Attachment

A few days into 2015, things we have all thought about, eat better, exercise, get our finances and home in order, and so many other resolutions.

Now is the perfect time to purge when cleaning out your closets and dresser drawers, the kitchen cupboards, trunks and any other nook or cranny with stuff in it.

But we grow an attachment to things.  The question of if there was a fire or natural disaster, other than the people in the building, what would you grab to save.  The stapler or the photo of your deceased grandparents.  The oven mitt or the memento your spouse bought you on your honeymoon.  Which in fact could be the oven mitt.  lol

Why are we so attached to people, places and things?  In my quest to be free, this has been something I have been working on and probably always will.  I am a very sentimental person.  I am a scrapbooker.  With the invention of Google Cloud, my photography hobby and digital camera take it to a whole new level of obsession with capturing moments (and hopefully living in the moment too).  I was my High School Class Historian.

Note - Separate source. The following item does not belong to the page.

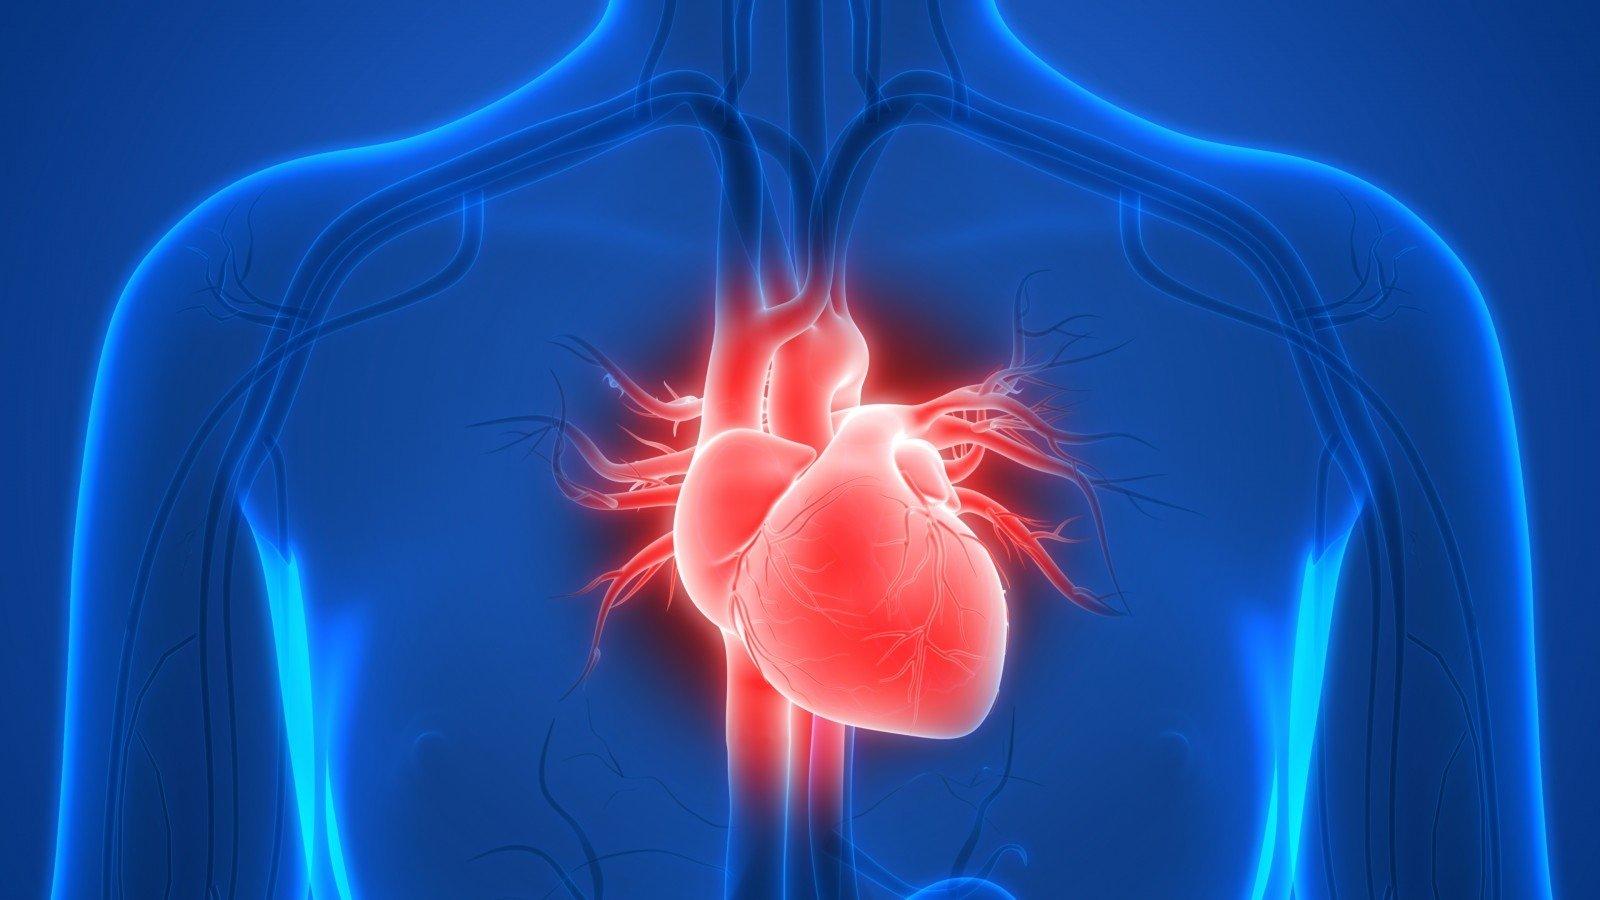 širdies ar svorį širdies sveikatai)

We have those rare moments of energy that are like no other and we try so hard to hold the butterfly in our hand.  But you do have to let go as Elsa on Frozen reminds us.  For a long time, I begged people to tell me how to let go.  That is probably my worst flaw.  I don’t forget the things that hurt, I relish in the things I love and as much as I purge things from my house, it always ends up accumulating again.  But I stick to the one thing in, one thing out just so I don’t turn into a hoarder or something.

I’ve been attached to people.  People who were my close friends, my loves, my family.  But they move away or we have a fight or they pass away.  People are meant to be in your life for a reason and for only so long.  Unfortunately, when those moments are over, they are taken away.  What you are left with is yourself.  So that makes sense right?  Except that this past year, even the me I knew was changing at a rapid pace.  I was in a relationship and my body was going thru so many health issues all at once.  Sometimes it was overwhelming.  Just glad my boyfriend is patient with me and letting me work out all my baggage, issues and bugs.  I was attached to being single even though I desperately wanted a relationship.  It takes time to adjust after all that time of doing things on my own and now I have to (and want to) care about another.  I think we all (and should be) attached to good health.  But when you are not, what you need to do is hitch your star to HOPE.   One thing I have learned in the past year is that all earthly things, people and even places are not to attach to.  I attach to God.  He is okay with that.  He is always there and won’t let me down.

When we say Let GO and Let God, I guess that means you HAVE to let go of the earthly things but if you attach to him, all will be well in the end.